OUSU have funded lecturers and students to protest in central London against proposed Higher Education Bill.

Organised by the NUS, students 15,000 took part in a protest on Saturday in London against the Higher Education Bill proposed by the British government. Protestors held signs saying “You can’t spell HE Bill without hell” and “Value my mind not my bank account.”

The Bill, proposed in 2015, plans to increase tuition fees in correspondence to inflation from 2017 onwards. It will create new university league tables based on teaching quality which will allow some universities to raise tuition fees higher than others.

This could raise fees from £9,000 to £9,250 per year. Malia Bouattia, NUS President, called this new proposed Bill an “ideologically led market experiment.”

OUSU urged Oxford students to attend Saturday’s protest and organised coaches leaving from Wadham College to take students there.

OUSU commented, “We believe that Oxford students should have their voices heard on a national platform and we aim to facilitate the engagement of our students’ voices with issues of national policy wherever we can.”

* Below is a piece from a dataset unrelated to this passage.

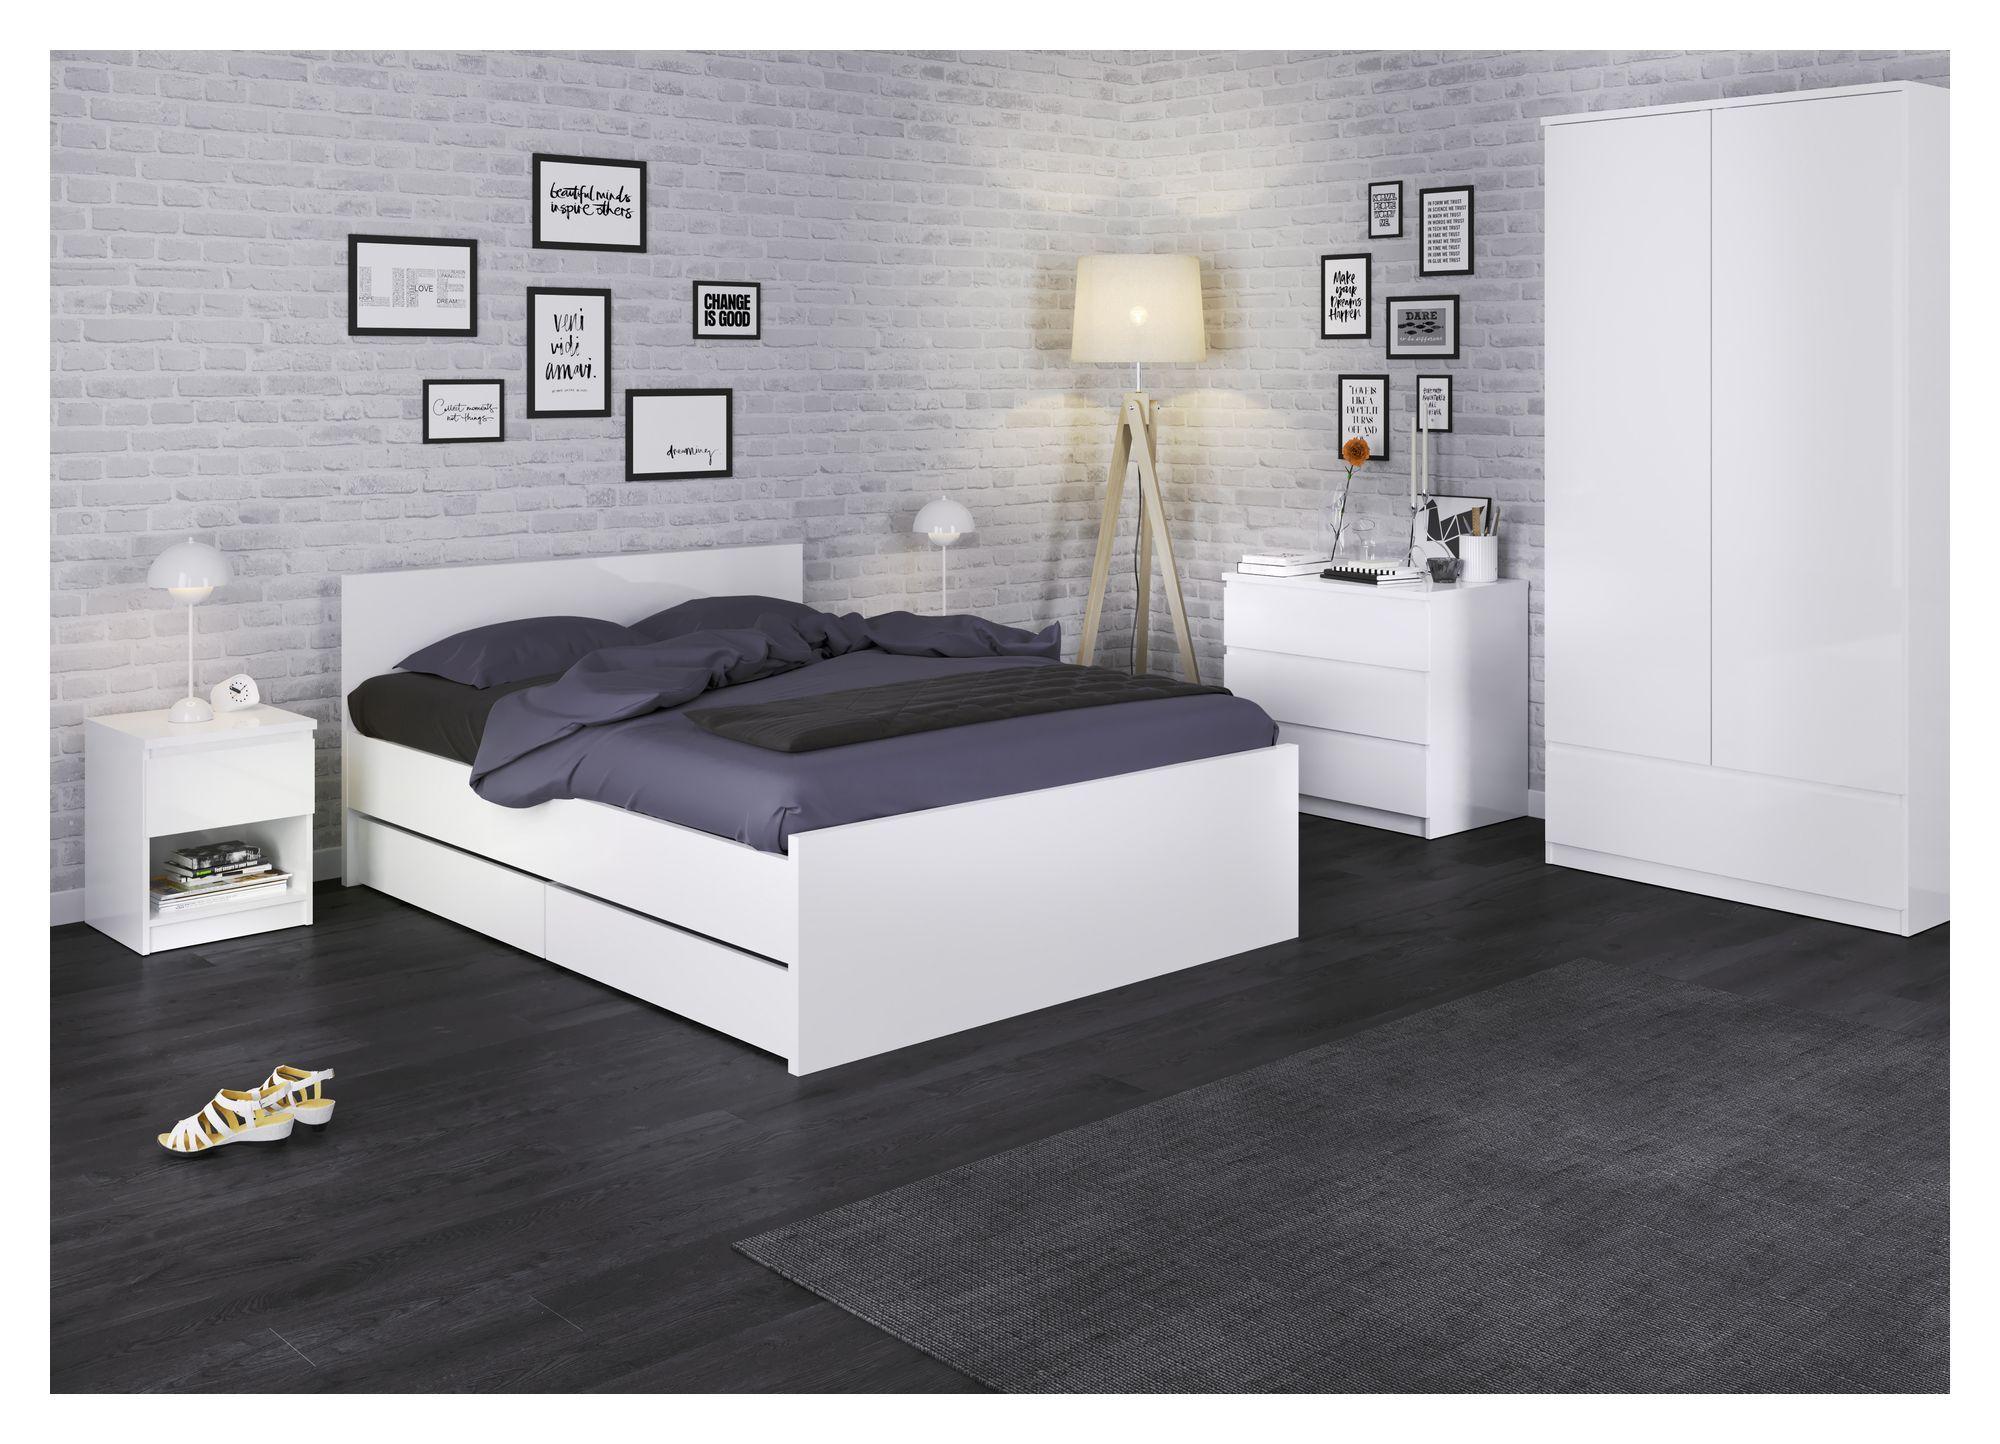 Naia Sengebord - Hvid højglans m/hylde - Hvidt sengebord i højglans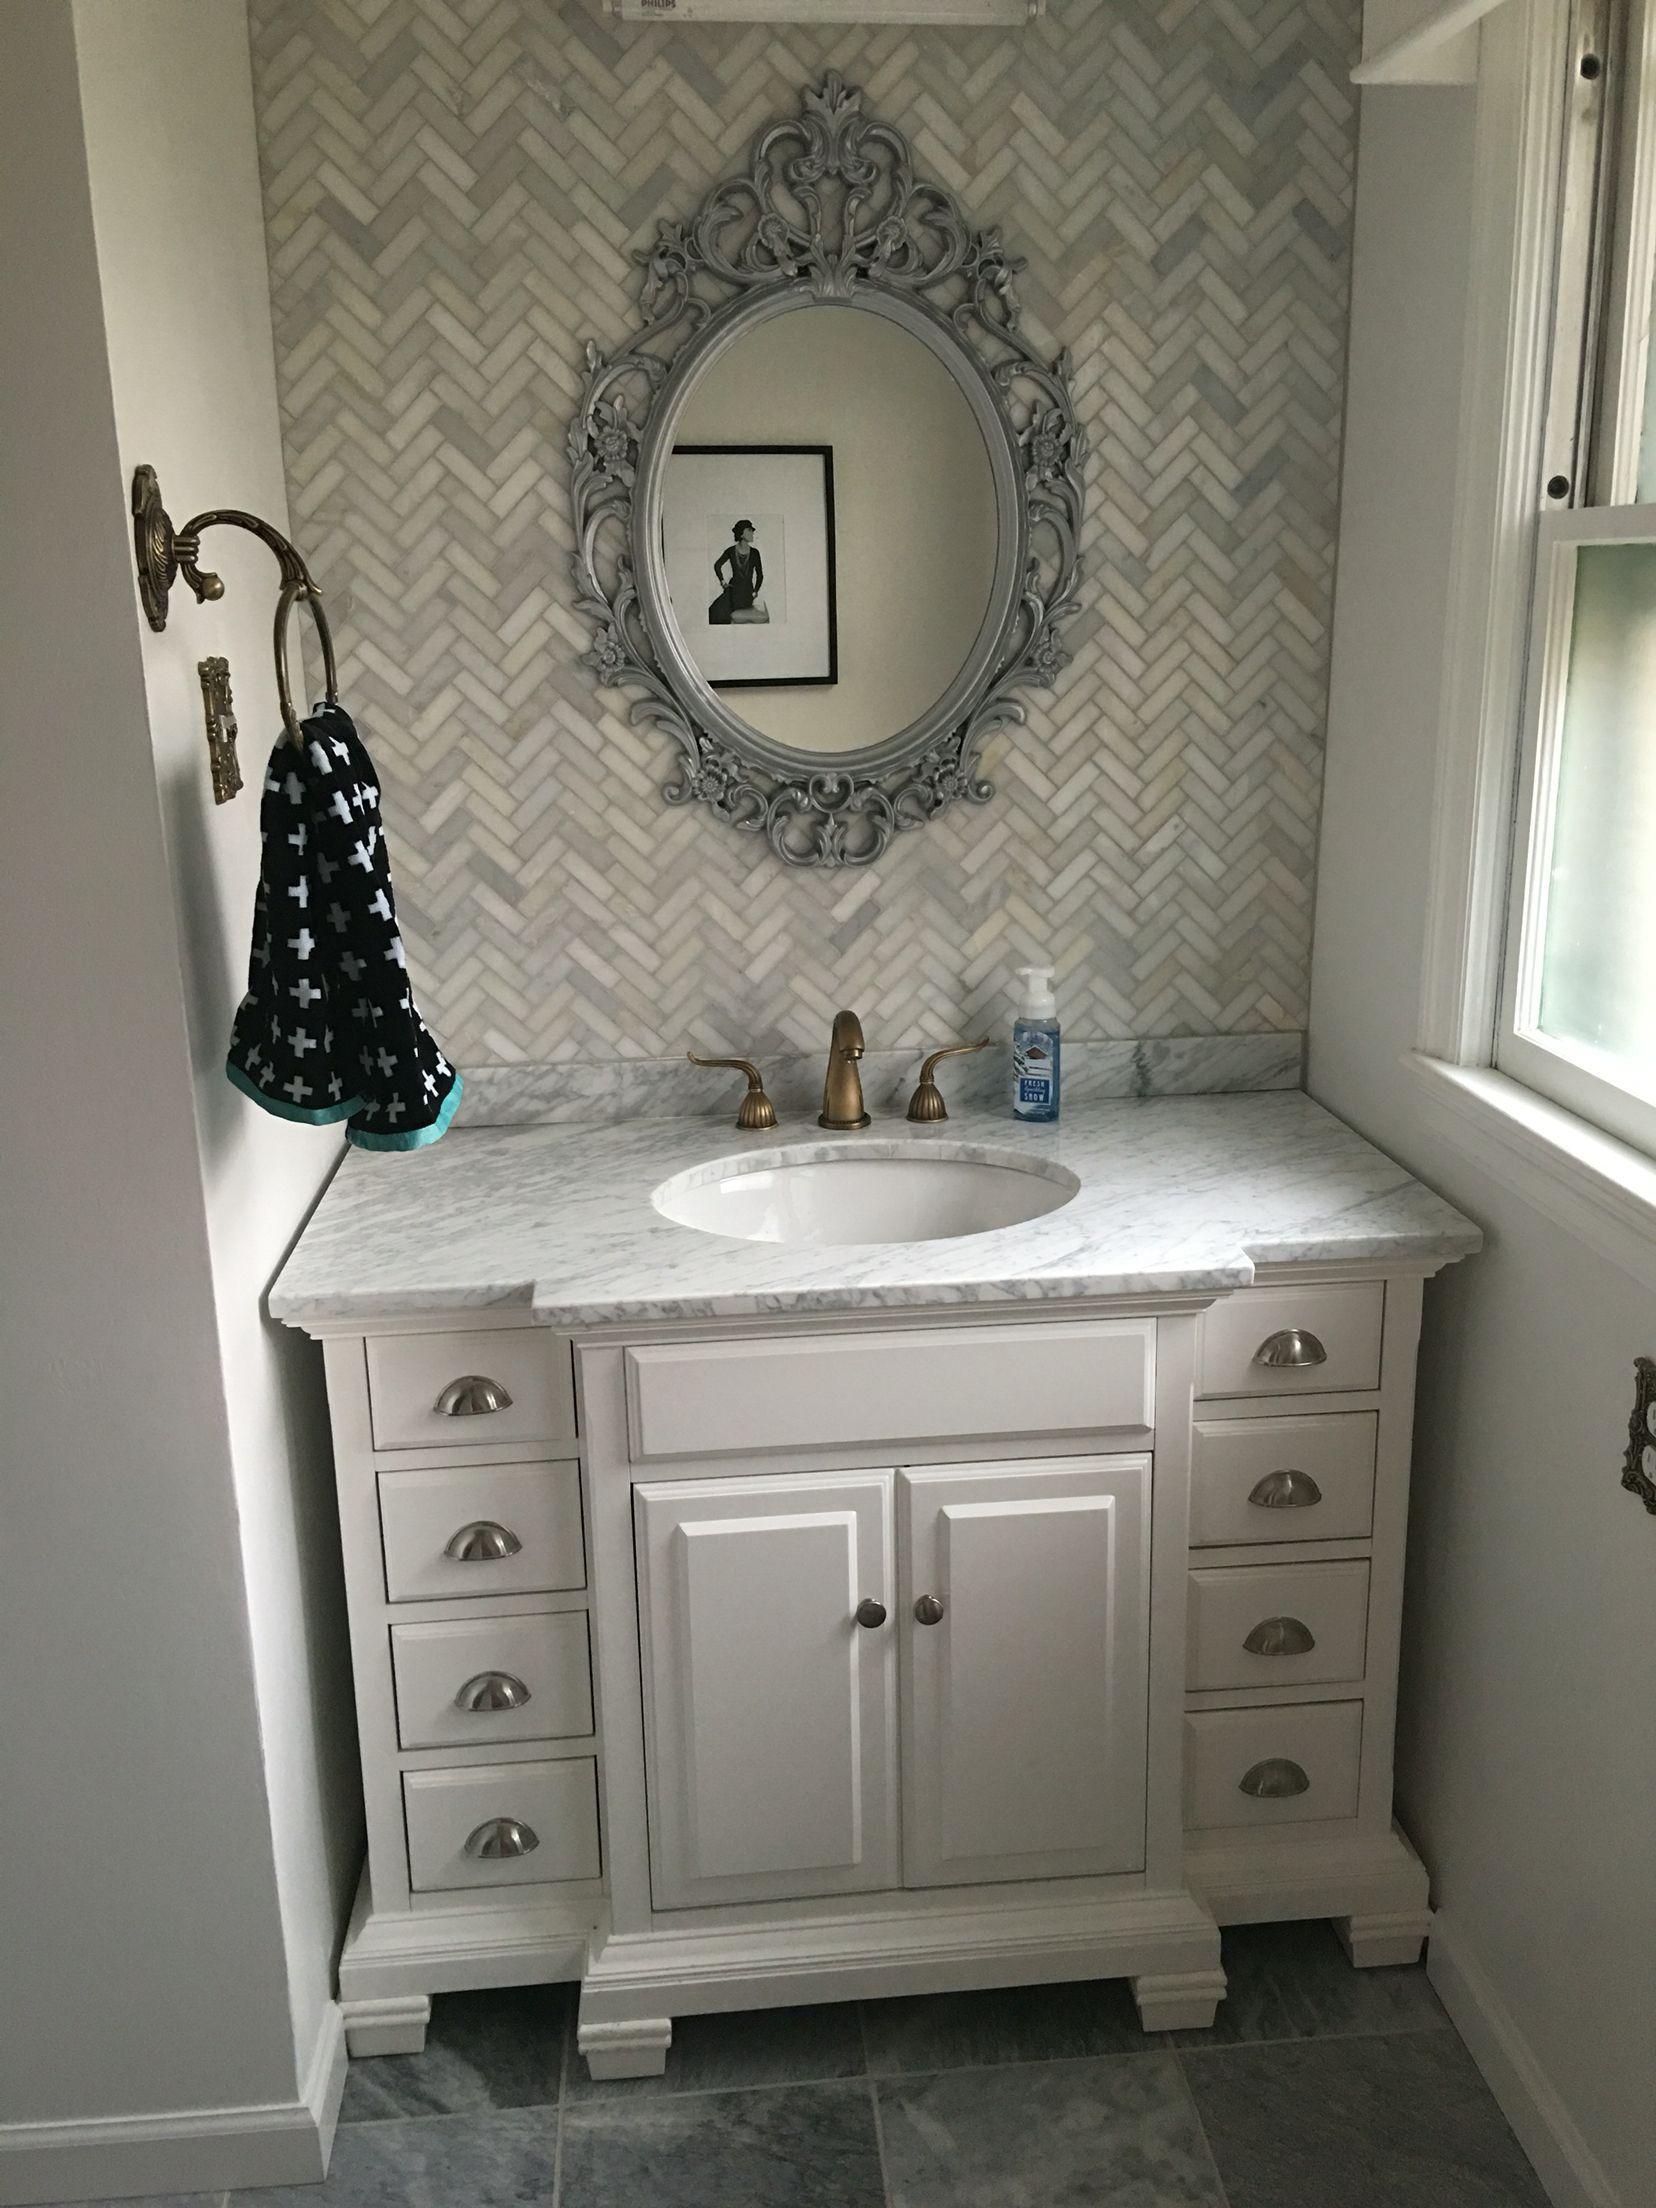 - 7+ Interesting Bathroom Backsplash Ideas - Design Ideas To Inspire

Balliol, St John’s and Pembroke JCR have also expressed their opposition to the Bill to increase university fees. The Balliol motion called the university’s decision to participate in the Bill as “detrimental to access.” Pembroke JCR donated also £100 towards coaches to take students to Saturday’s protest.

After originally expressing an intention to increase fees for all students, the University of Oxford have decided not to raise tuition fees for students enrolled before 2016. This decision came after OUSU posted a video in September, calling the bill “outrageously unfair” and urged students to sign petitions and pass motions in JCRs.

However, the university have not opposed the increase in fees for students enrolling from the year commencing 2016. Financial models have estimated that some intuitions can charge up to £12,000 a year by 2026 should this Bill pass. OUSU expressed that the initial £250 increase is “a small step on a slippery slope.” The Bill passed by a majority in Commons on Monday.

Sean O’Neill, PPEist at Hertford, was a protestor, told Cherwell, “We need to defend education however we can, in the face of a government which won’t put our students and academics first.

“This is clearly an issue that negatively affects students and the future of our university; OUSU needs to be there to represent us.”